By: Laura Roe Stevens (View Profile)

Having a baby is a wondrous time. It’s filled with overwhelming love and awe for the little person you two have brought into the world. And yet, at the same time, it can be filled with much anxiety and stress. As a new mom, your body is recouping from childbirth and perhaps a C-section, and the little sleep and long days caring for your infant can banish any thoughts of sex. I remember fantasizing about a full night’s sleep when my son was having crying jags every two hours and I was breastfeeding on demand. Poor husbands don’t always understand. Most obstetricians advise women to wait four weeks after delivering vaginally and six weeks after a cesarean before resuming sexual relations. But what if it’s been three months after giving birth and you still can’t muster up the energy? It’s understandable, on the one hand. Perhaps you, too, are breastfeeding on demand every two to three hours?
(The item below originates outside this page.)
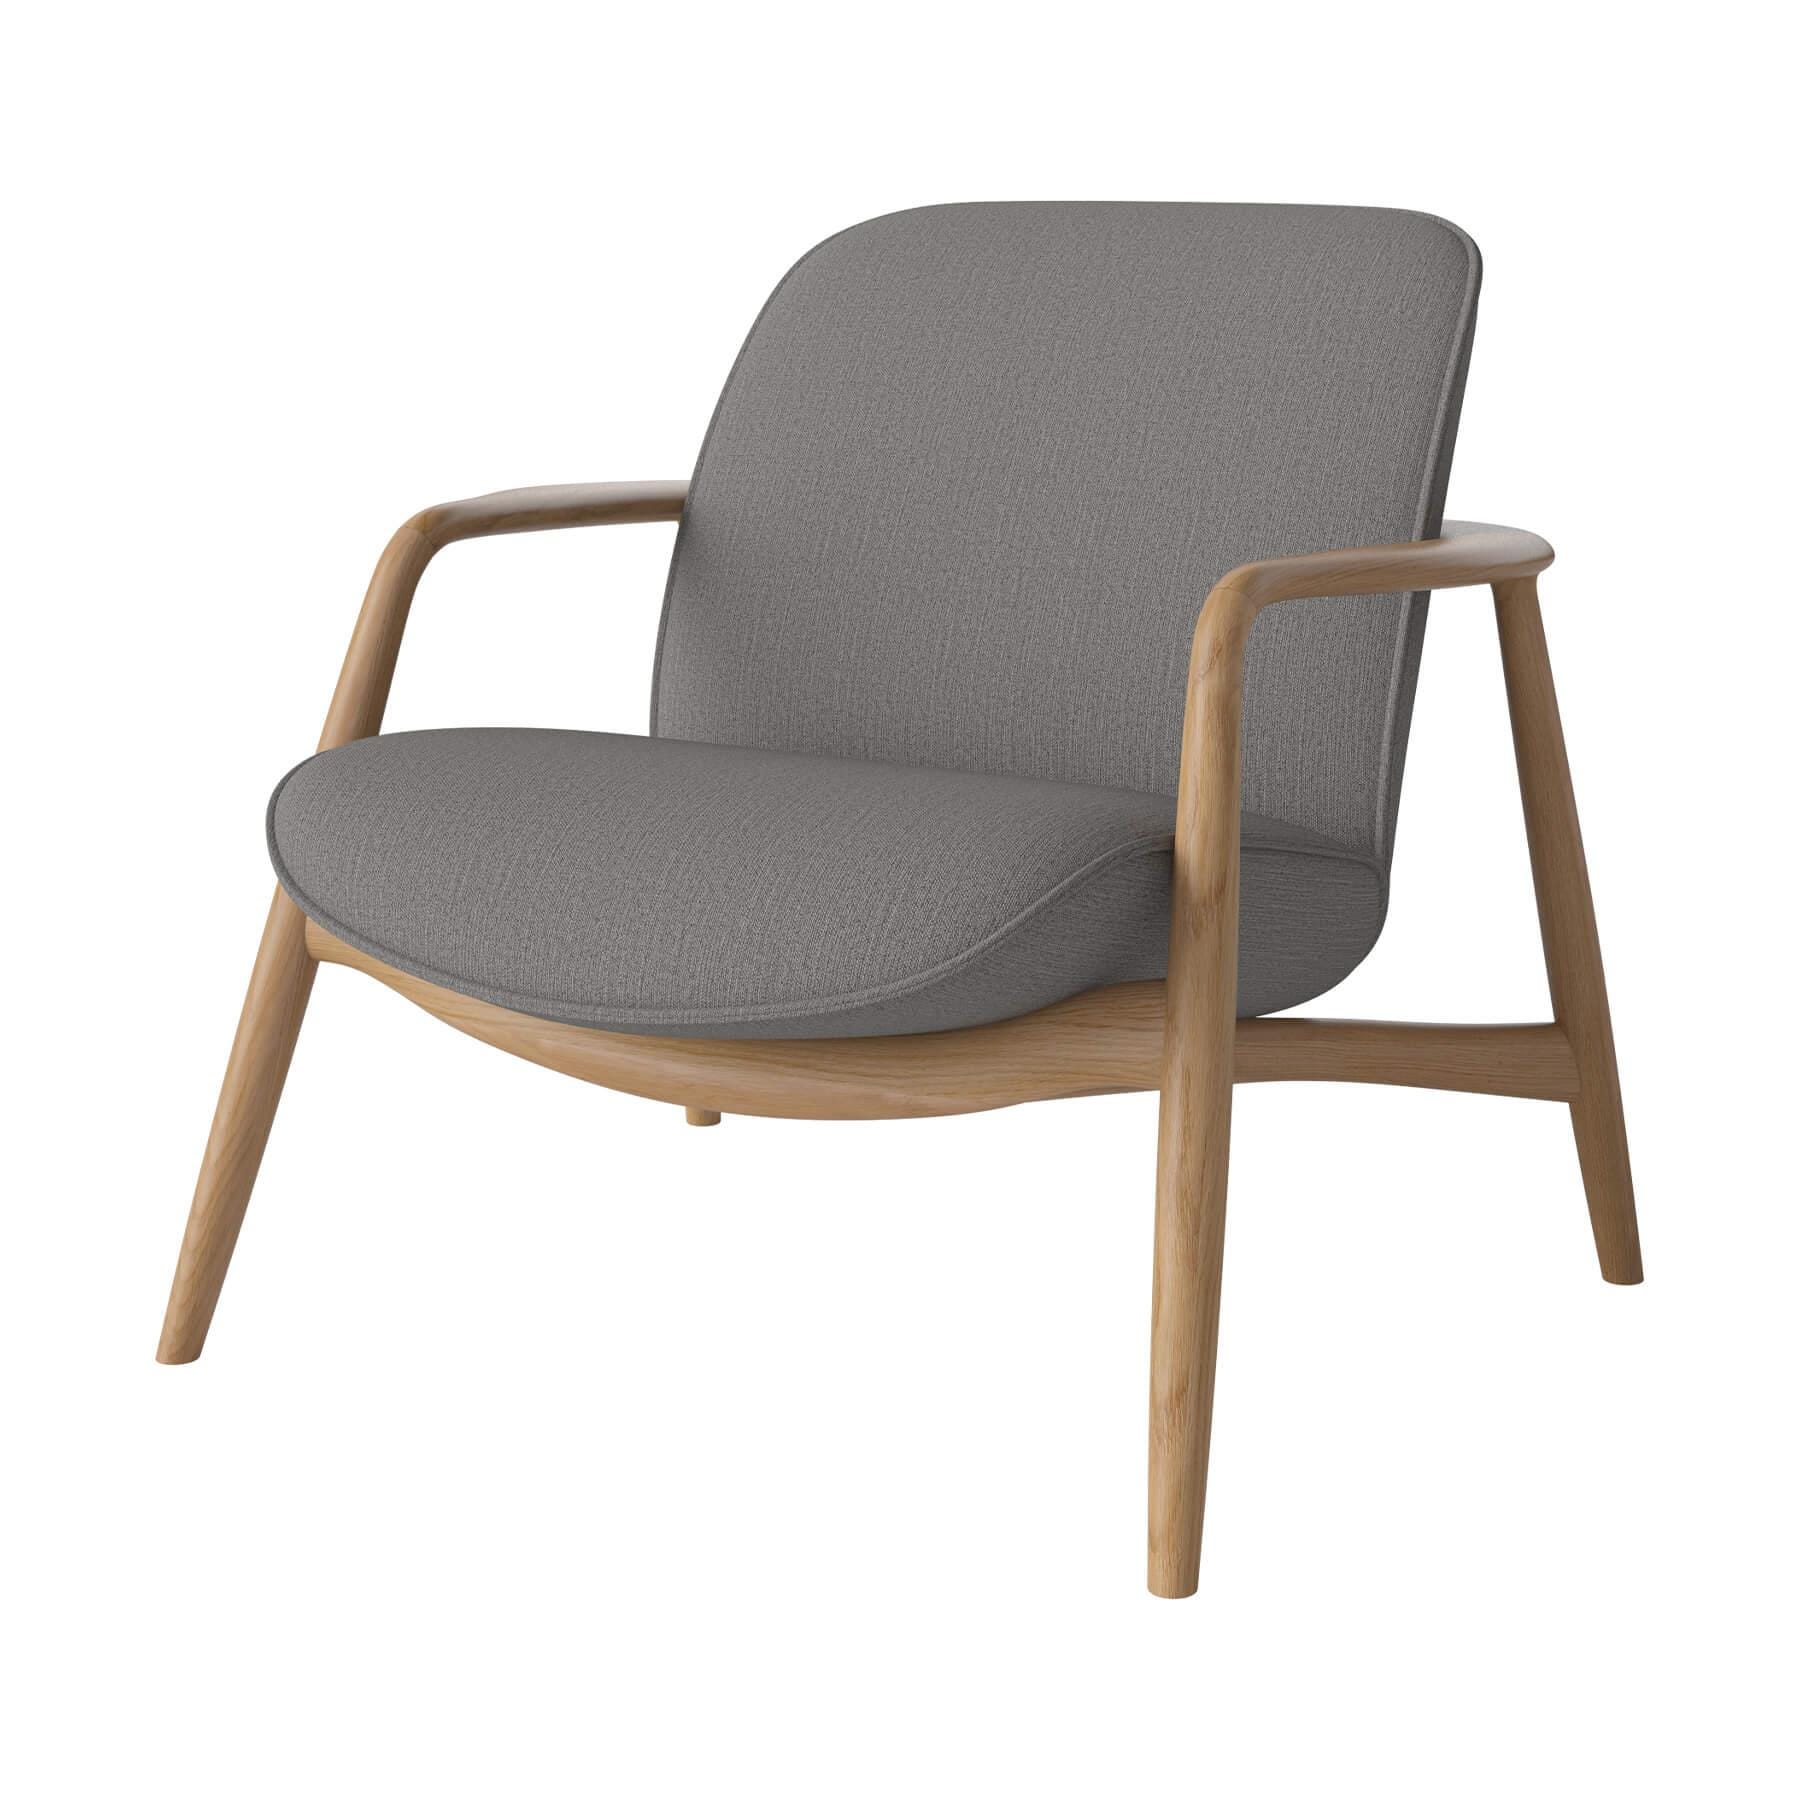 Bolia Bowie Armchair Oiled Oak Baize Steel Grey Designer Furniture From Holloways Of Ludlow

Perhaps your child has colic and you’re enduring long, crying jags daily? The lack of sleep and long days wear you down. But they are also wearing down your relationship with your partner.

 

Any couple who goes two weeks without having sex (exempting the period just after birth, or illness) is currently in a “state of an emergency” in their relationship, says Barbara Bartlik, M.D., assistant professor of psychiatry at Weill Medical College of Cornell University in New York, whose private practice specializes in the treatment of sexual problems.

 

“If it has been more than two weeks without sex, it is an emergency,” explains Bartlik. “That’s because an orgasm releases oxytocin, the bonding hormone. This hormone actually makes you feel more bonded to one another.”

 

For that reason, Bartlik explains that couples should try to find the time at least once a week—even in those early parenting days. For the other days of the week, luckily, touching will help keep the bonds strong too.

 

“Reach out and touch every day. When you walk by, touch. Hold hands. Give massages. Touching also releases oxytocin. Orgasms, however, bring oxytocin levels up to five times the base line. So even if you don’t feel in the mood, you should do it any way,” Bartlik urges.